Your copy of the entries below should hold exactly the lines from the one containing "Namesake Linden Electronic" to the one containing "Women in Cyber", inclusive, and no pictures.
━━━━━ Exercise materials ━━━━━
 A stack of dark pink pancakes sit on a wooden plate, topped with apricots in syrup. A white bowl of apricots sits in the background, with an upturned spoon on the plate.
━━━━━
━━━━━ Exercise materials ━━━━━
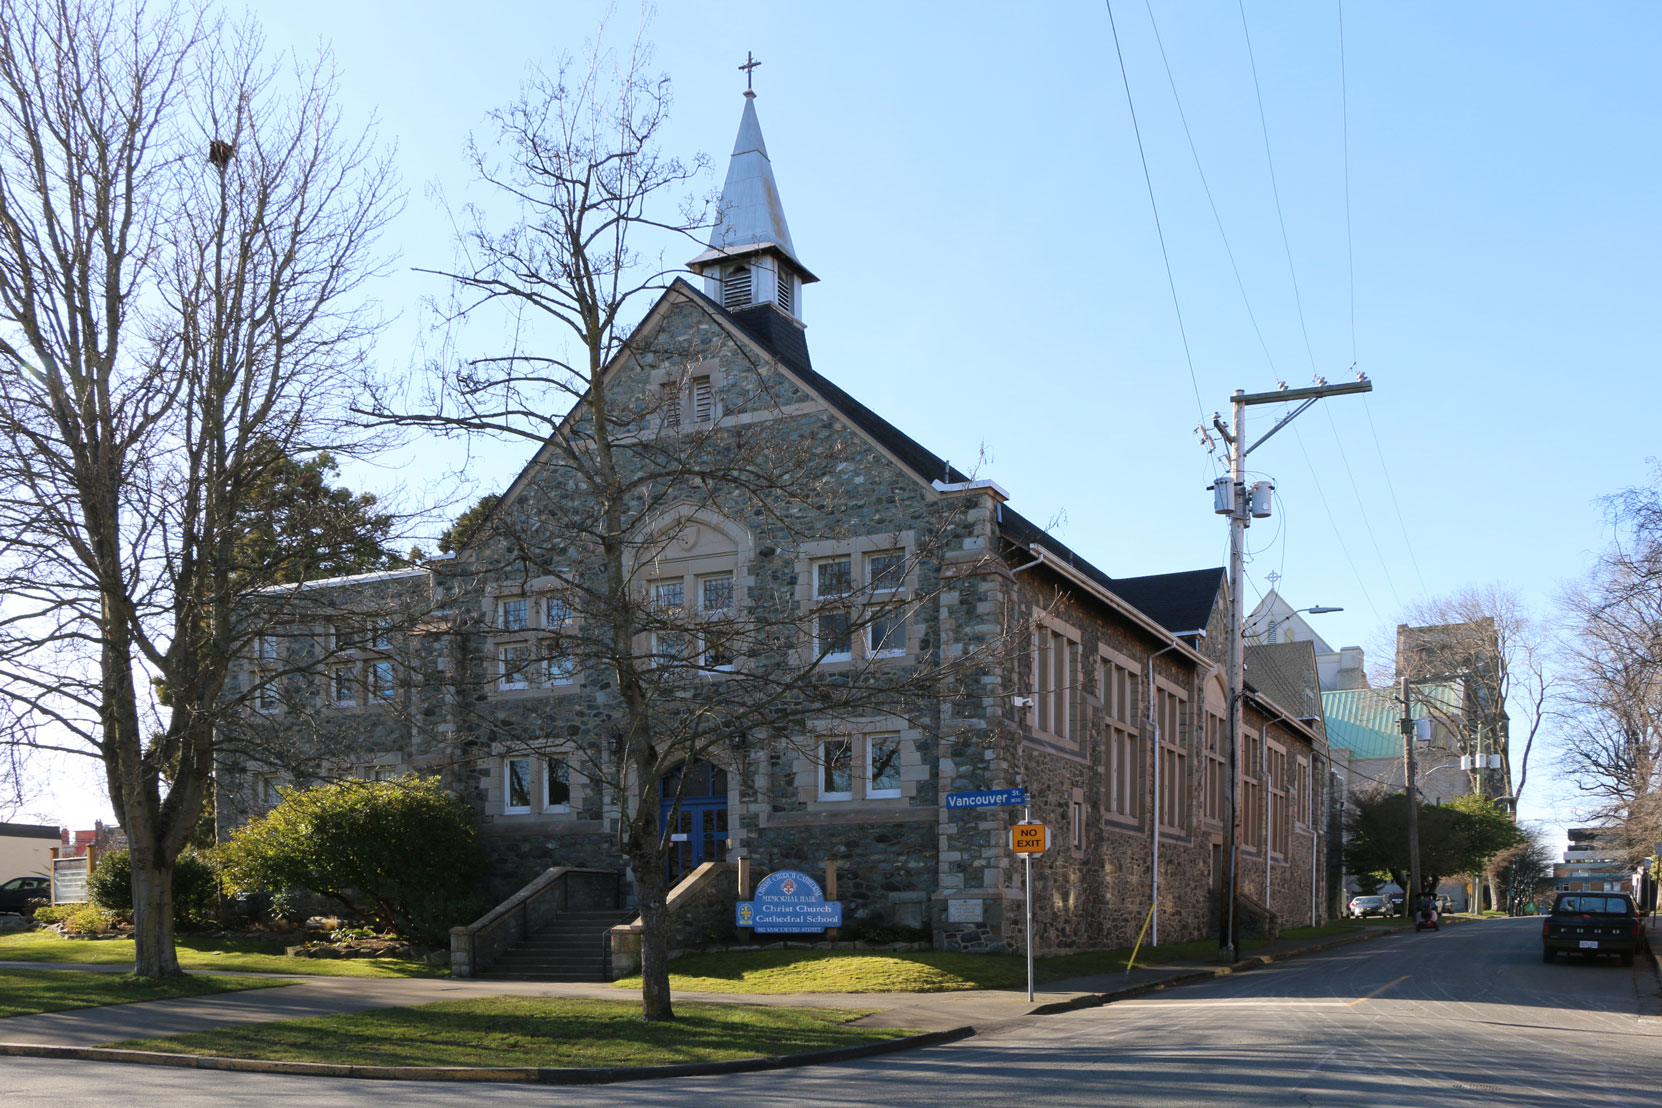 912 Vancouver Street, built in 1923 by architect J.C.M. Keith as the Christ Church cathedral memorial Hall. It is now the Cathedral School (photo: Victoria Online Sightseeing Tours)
━━━━━
━━━━━ Exercise materials ━━━━━
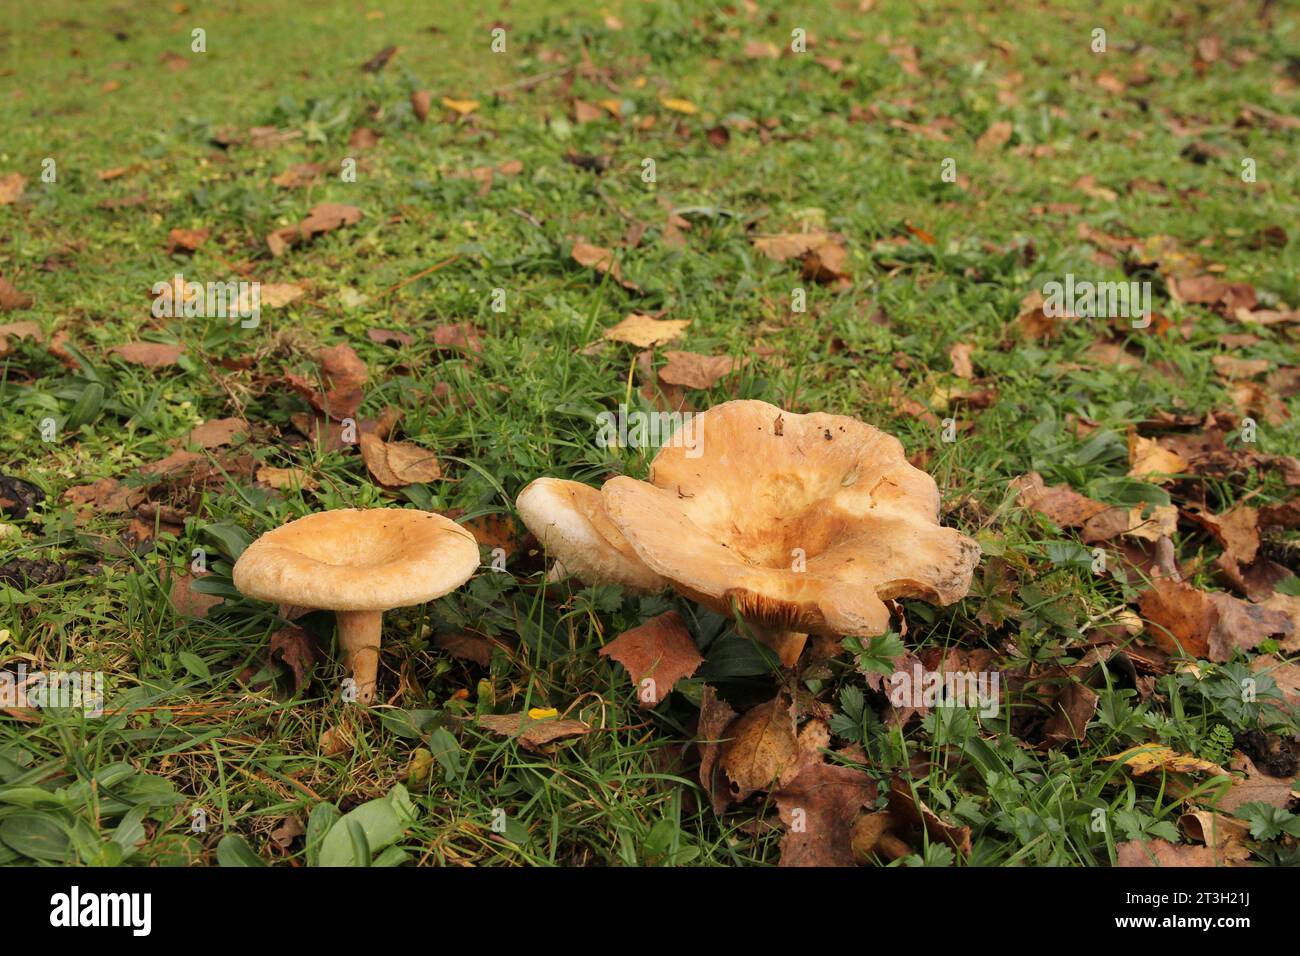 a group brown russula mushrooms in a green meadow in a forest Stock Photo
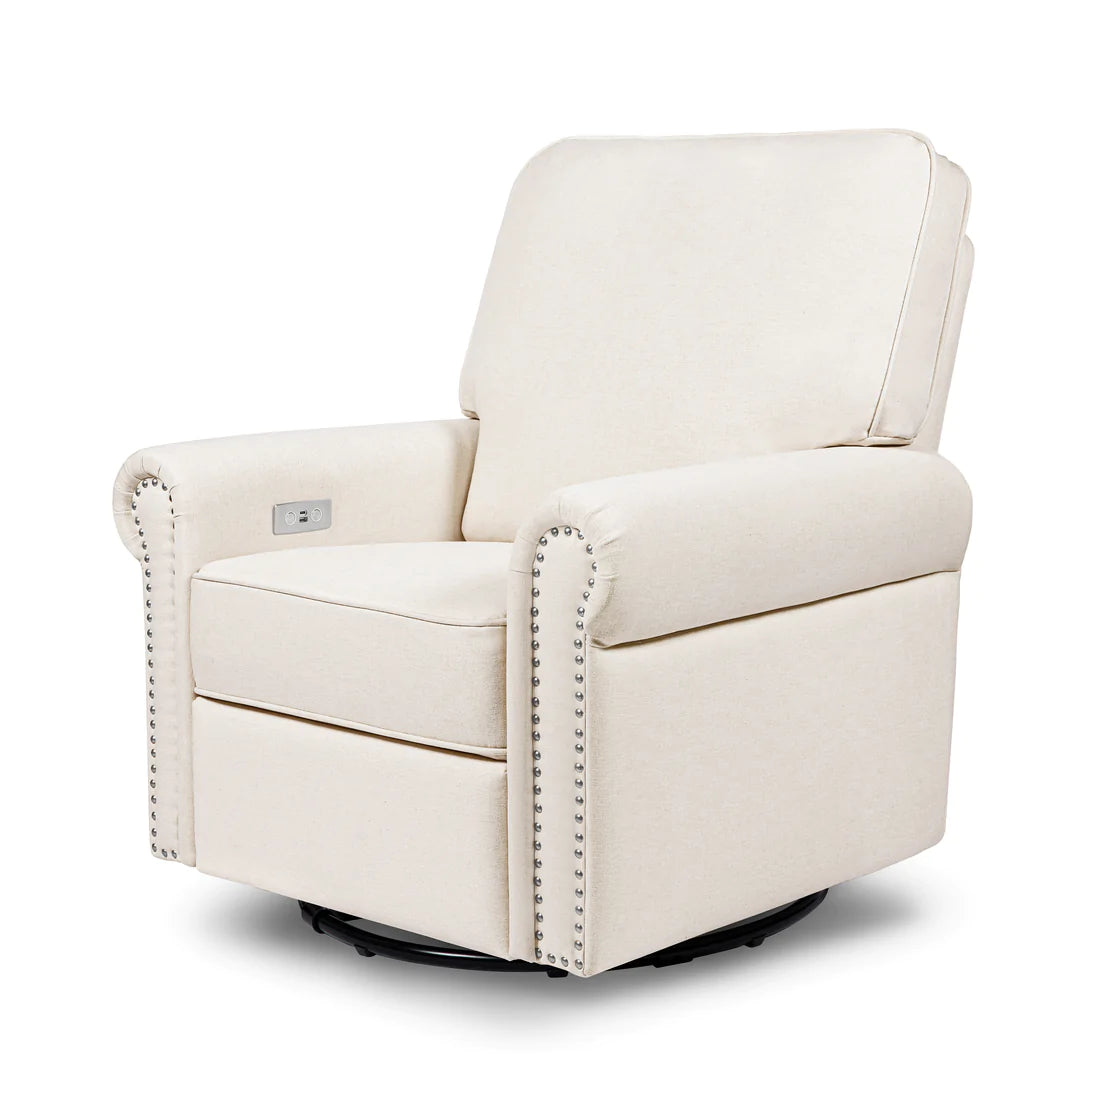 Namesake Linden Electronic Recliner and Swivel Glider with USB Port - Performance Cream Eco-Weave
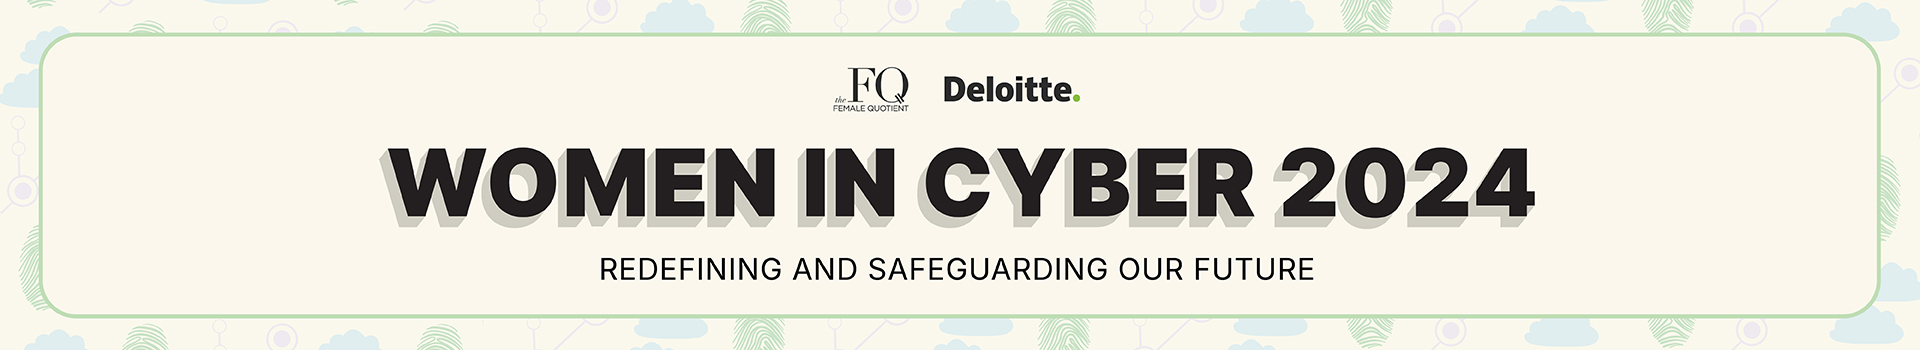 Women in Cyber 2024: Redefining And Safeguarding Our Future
━━━━━
### Solution below
 Namesake Linden Electronic Recliner and Swivel Glider with USB Port - Performance Cream Eco-Weave
 Women in Cyber 2024: Redefining And Safeguarding Our Future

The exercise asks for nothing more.